The saturated resins are transferred from the working filters to an external station where the separation and the regeneration takes place This arrangement is preferred for the service to HP power cycles because ensures the shortest time off of each resin filter on line when the saturated resins are to be replaced by regenerated ones. Moreover the regenerants (soda and acid) are used in a separate station without any risk of contamination of the recycling condensate.



External regeneration station of CPU (supply by SWS)

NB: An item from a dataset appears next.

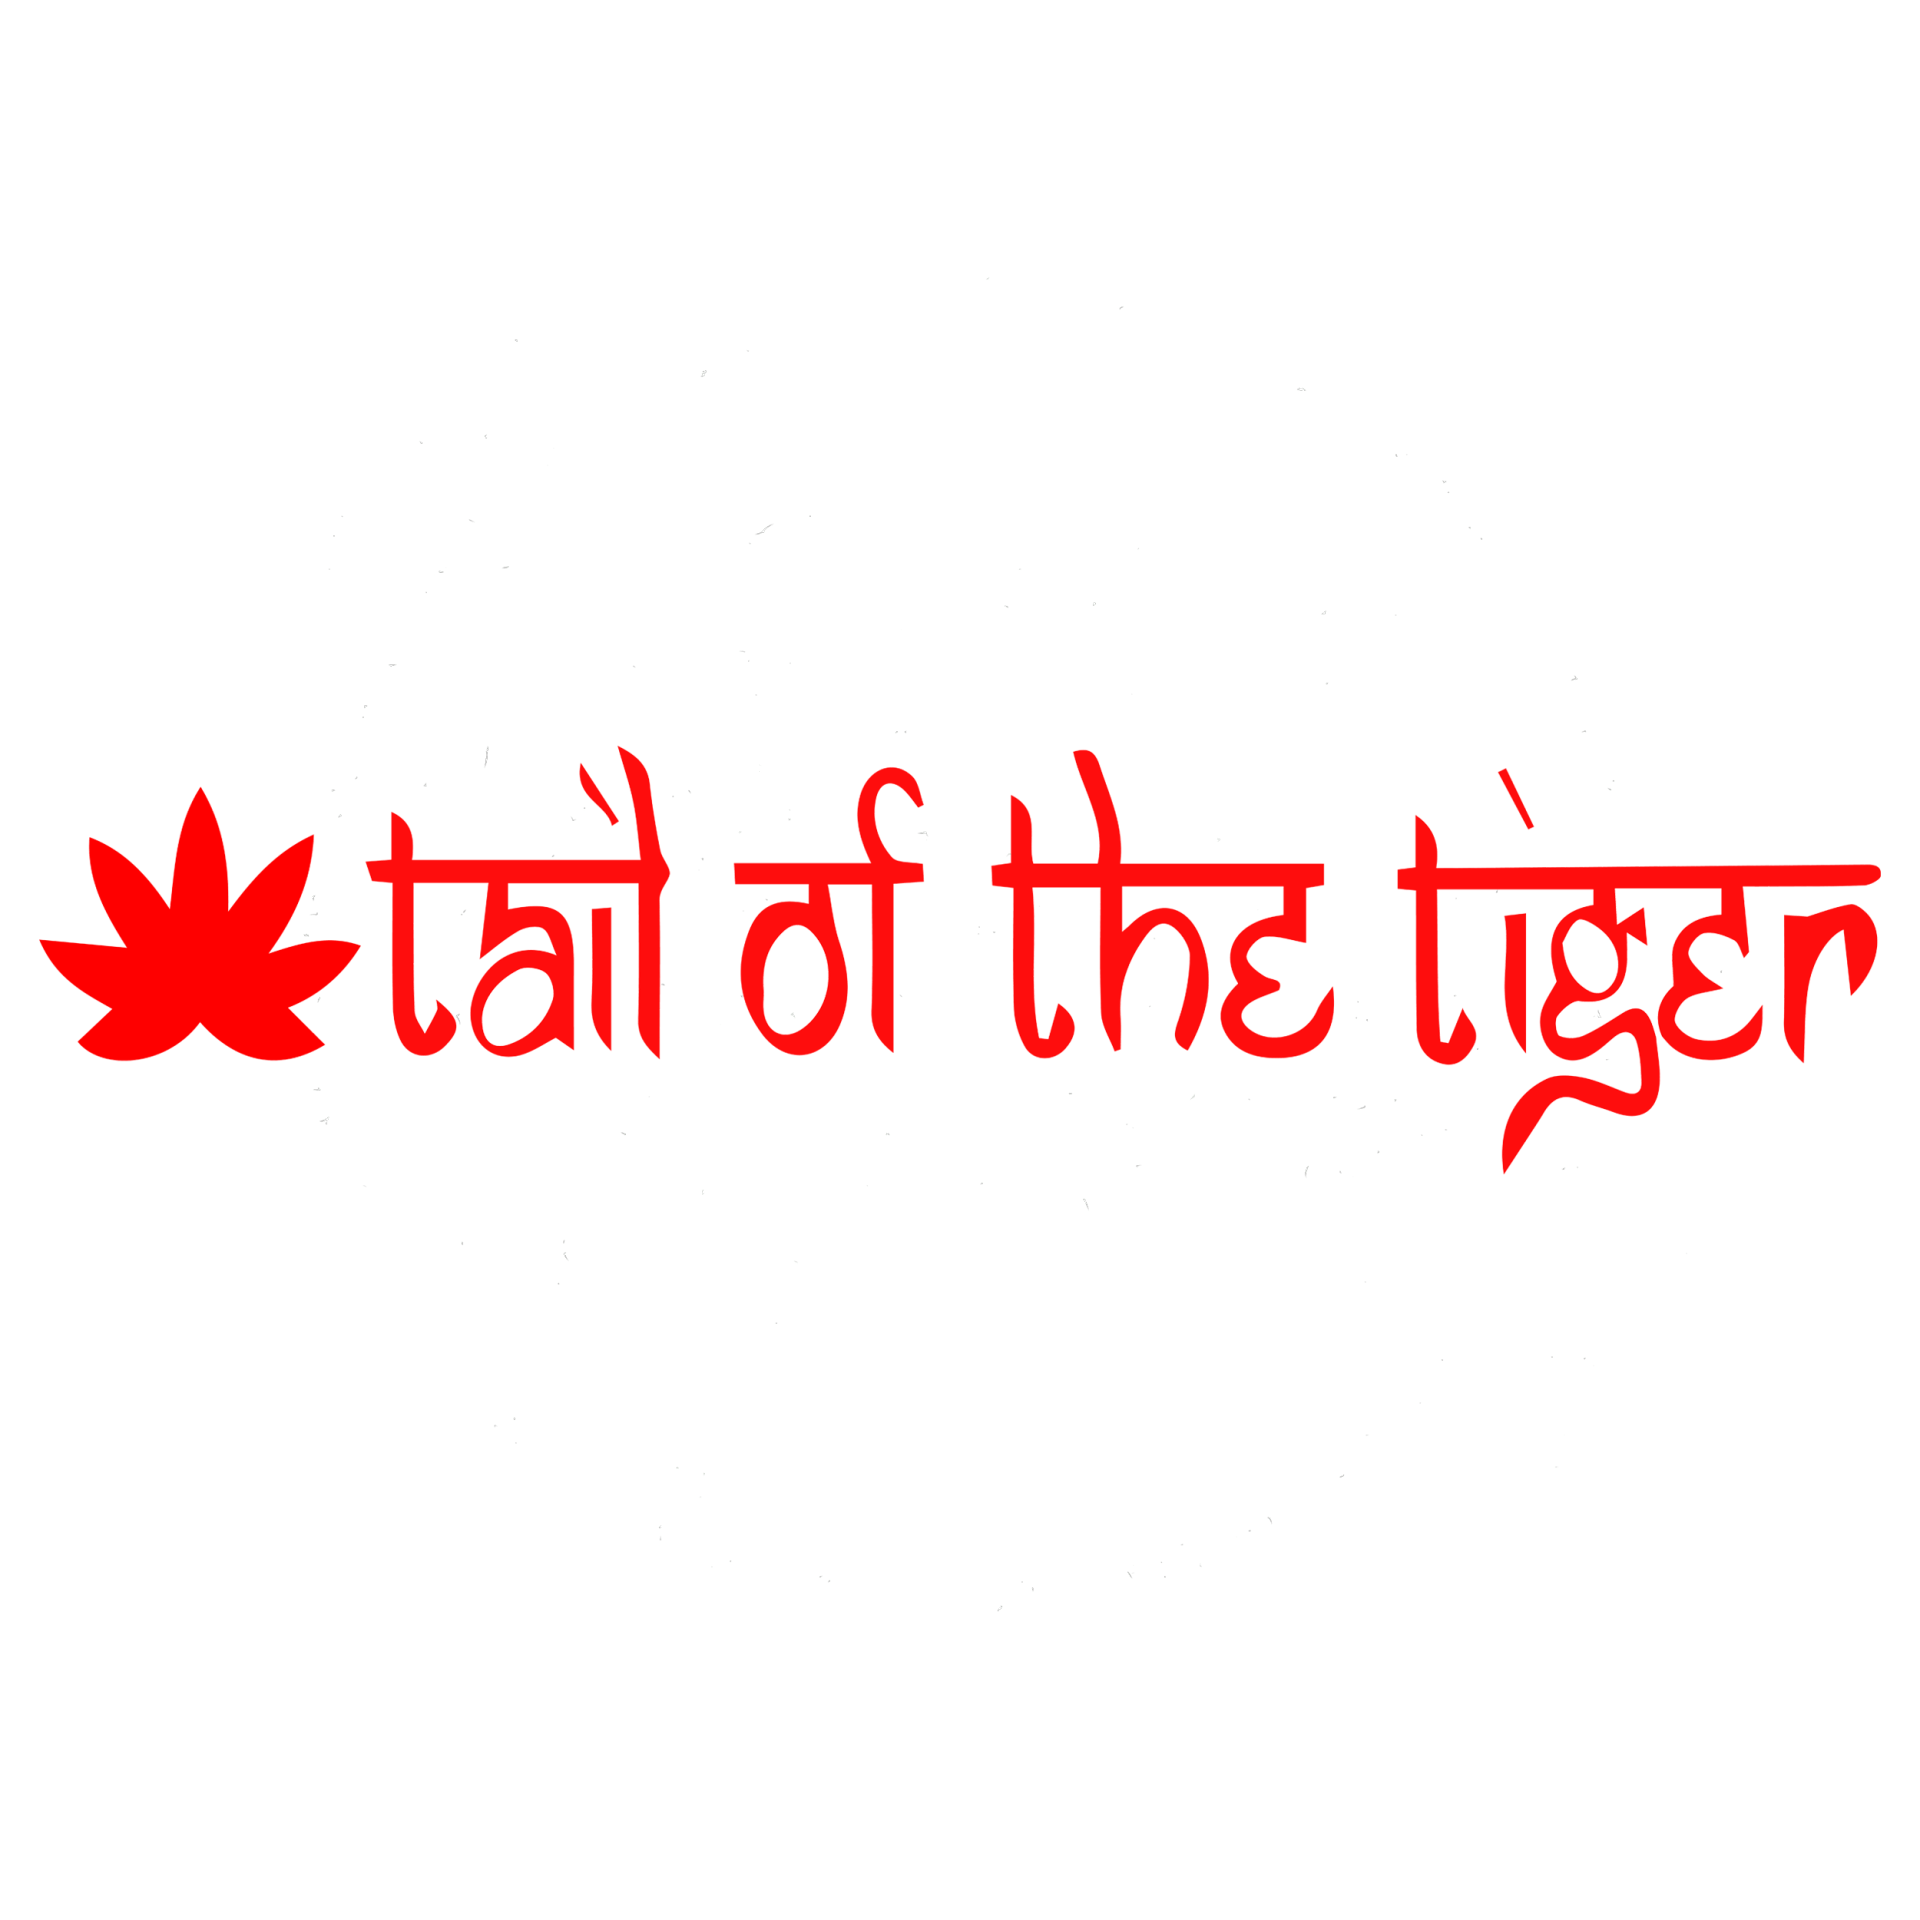 Tail of the Tiger

4.       De-oiling, Filtration and others

WET is well experienced in any water process that may be necessary as pre-treatment or post-treatment, as ancillary units to the water processing scheme:


4.1       Deoiling

Deoiling of the water is often necessary before its re-use or disposal. Many processes are available in WET, to be chosen according to the quantity of oil to be separated and to the degree of allowed residual oil content.

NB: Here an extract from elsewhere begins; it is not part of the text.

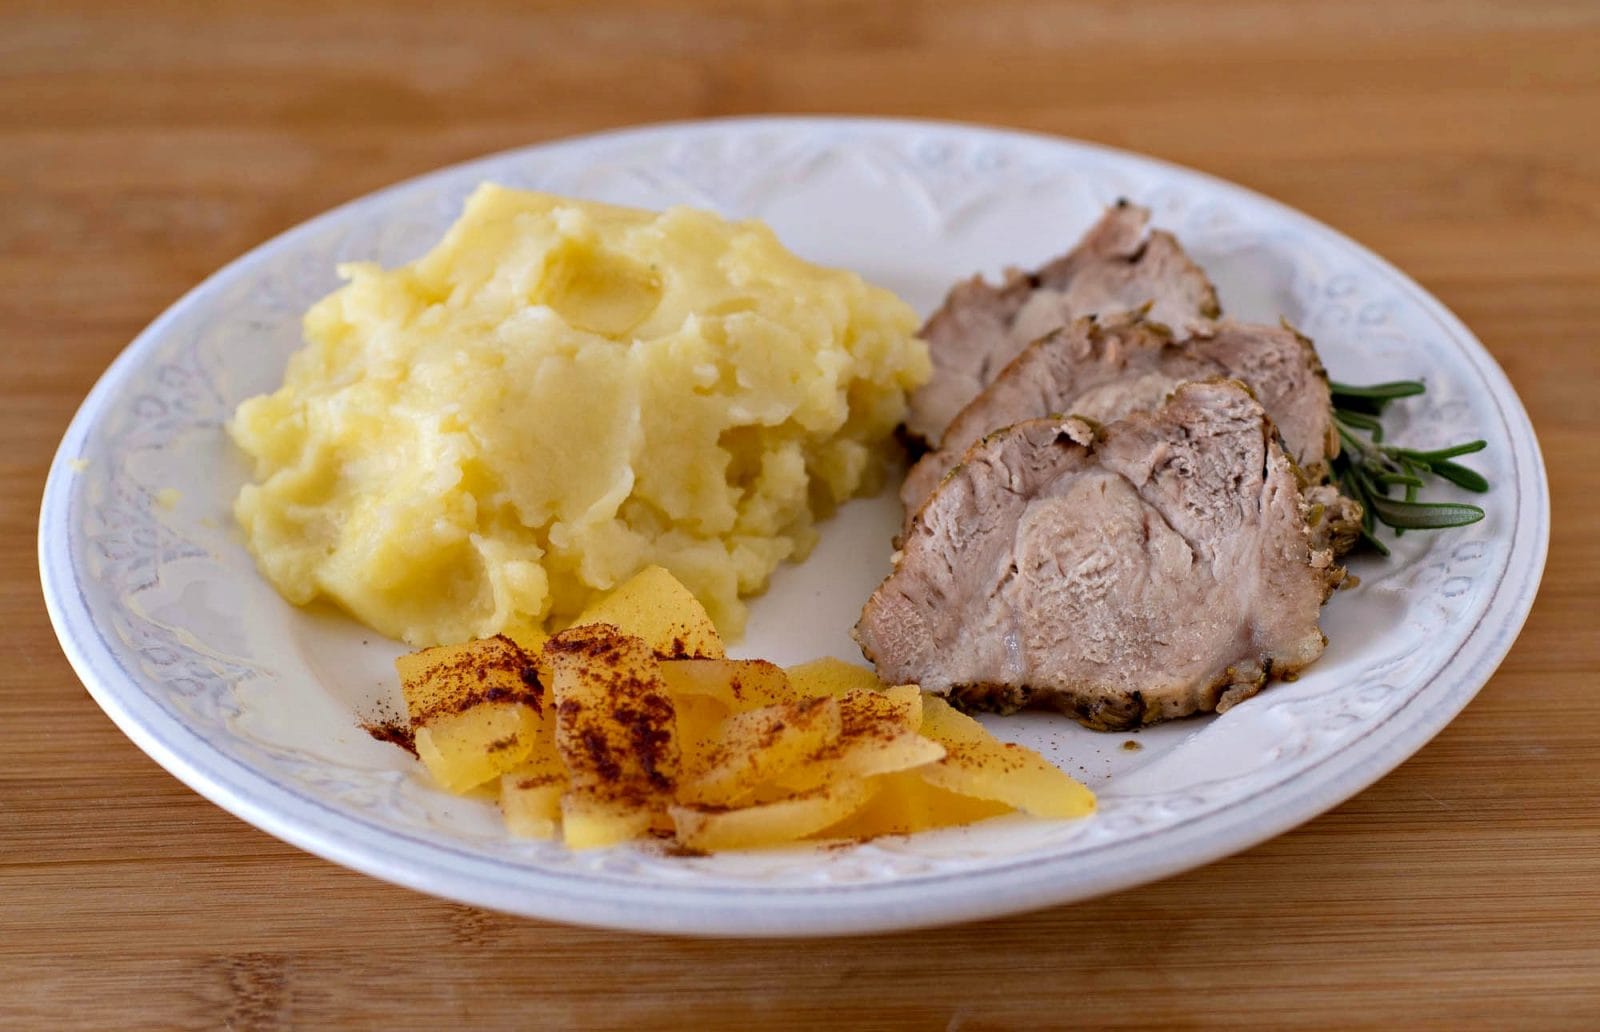 Plate with Instant Pot Pork Loin Recipe with mashed potatoes and apples

-          API separators are adequate to process large flows of highly contaminated water, and the effluents (with reduced oil content) can be treated further if necessary. The design of WET is in compliance with the API publication 421 (1990)

-          CPI (Corrugated Plates Interceptors) can ensure better efficiency than API separators in more compact units, still exploiting the difference in density between water and oil. The installed lamellas ensure the laminar flow of the water for the enhanced fast separation of the oil droplets, and allows typically to limit the residual oil below 10 – 25 ppm

-          Oil flotators ensure the gravity separation of the oil droplets through the gas adherence to them and the relevant flotation effect. The residual oil can be reduced below 5 ppm. The gas used in oil flotators are typically air (safest arrangement) or natural gas if available (most efficient arrangement, but requiring safety precautions))

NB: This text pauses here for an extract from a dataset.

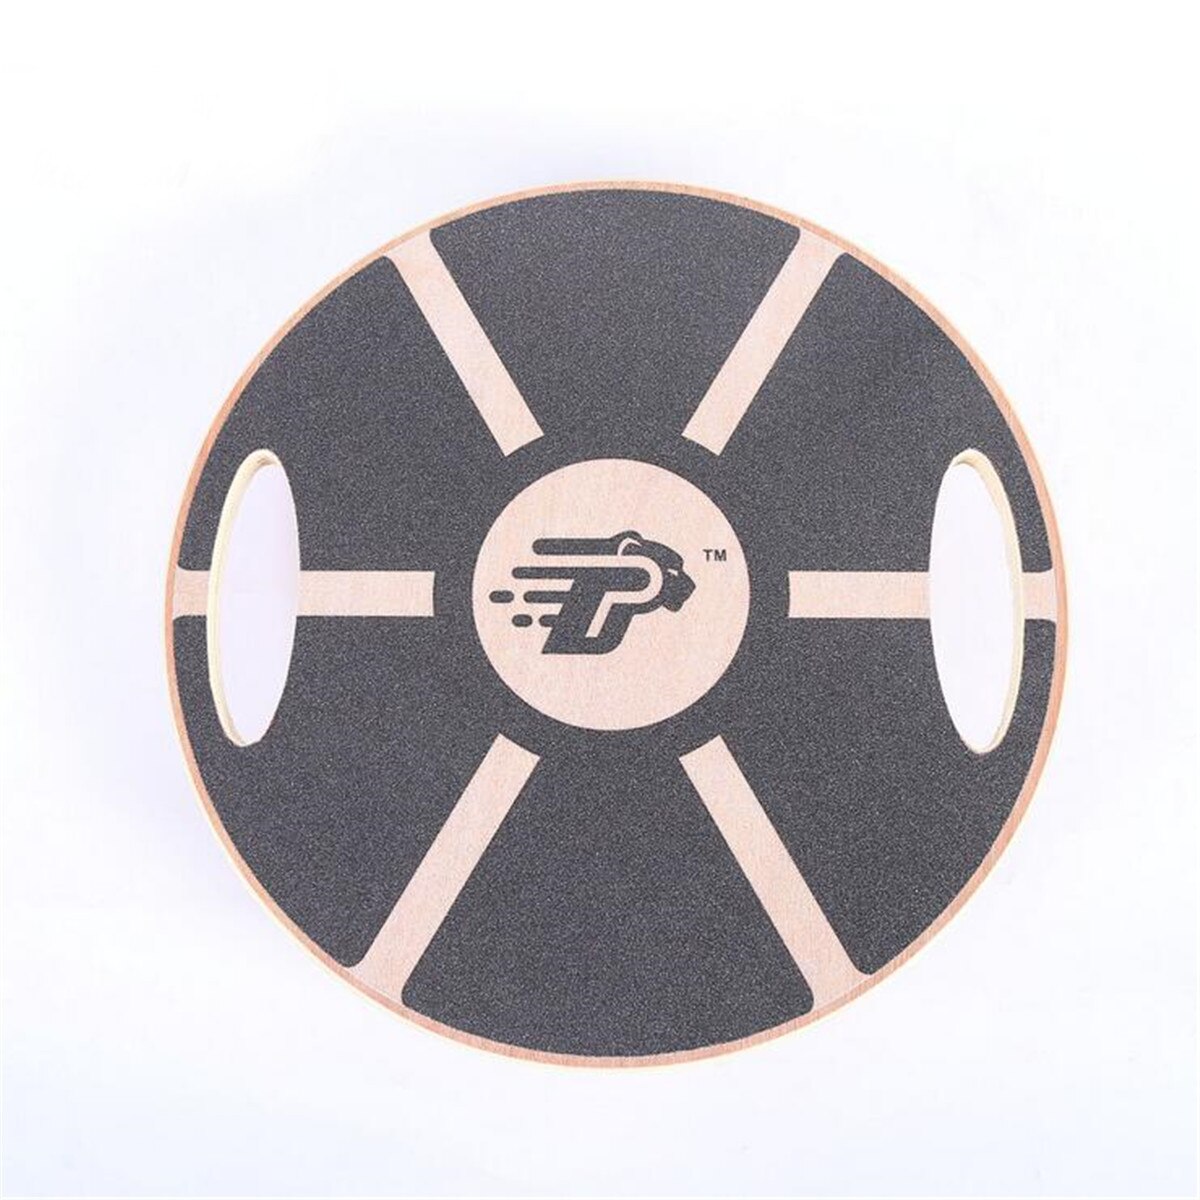 Round Wooden Balance Trainer Board Non-Slip Hand Grip Balance Board Sport Yoga Fitness Exercise Training Tool Twist Boards

-          Coalescing media can eliminate the smallest droplets of oil by embedding them into the oily film formed on the surface of oleophilic matters. Nutshell filters and oleophilic resin filters can ensure the residual oil content below 1 ppm

-          Activated carbons eliminate any trace of oil through the complete adsorption of it, until the carbons become saturated. When saturated, the carbons must be replaced by regenerated ones and the regeneration costs debited to the de-oiling process. Therefore the activated carbons are recommended only when the inflowing oil content is rather small and the outflowing is requested zero. Very often CPI or oil flotators are installed before the activated carbons, thus ensuring the longest working cycle of the carbons



 Small CPI unit designed by M.Rognoni (supply by SWS)


4.2       Filtration

Filtration is quite a common and well known process, and WET is able to calculate the most convenient arrangement in any working condition and according to any specified duty.

-          The most common filtration media is the sand, that is available in several controlled meshes and in several qualities of composition (silica and quartz). WET is experienced in optimizing the bed composition and the filter sizing, in the arrangement either vertical or horizontal.



   Horizontal sand filters in parallel (supply by SWS)


-          In the case of traces of oily matters in the water, the sand should be protected from sticky contamination by a bed of anthracite (dual media or multimedia filters). The anthracite is disposed when saturated. WET is experienced in recommending the proper sizing and the way of adding anthracite, either as power during the progress of the filtration or as additional bed overlayed on the sand.

-          Micro-cartridges filtration is recommended when the size of the solid particles to be filtrated should not exceed a limited number of microns (typically fro 2 to 10). WET owns the valuable know-how of backwashing the cartridges with air pulses, thus reducing the backwash time and the backwash water consumption by over 90% to a negligible extent. This process is typically used in severe services like the treatment of the condensate in Power Plants. The elimination of the iron content (micro-filtration of the flocs) in some cases allows to recycle the condensate even without any polishing treatment, with negligible water consumption for backwashing



      Cartridges microfiltration with backwash by air pulses (supply by SWS)


Dr Rognoni invented a novel filtration system (patent owned by SWS in J.V with delta Engg.) in which the sand is replaced by poplypropylene floating particles. Filtration therefore takes place from bottom to top and the backwash from top to bottom, such to be boosted by gravity. In this way a number of advantages are ensured including the dramatical reduction of the waste effluents and the reduced backwash time. The reduced backwash time (from 30 min to only 5 min) may even allow not to install any spare filter and ensure the continuity of the flow with a rather small buffer tank.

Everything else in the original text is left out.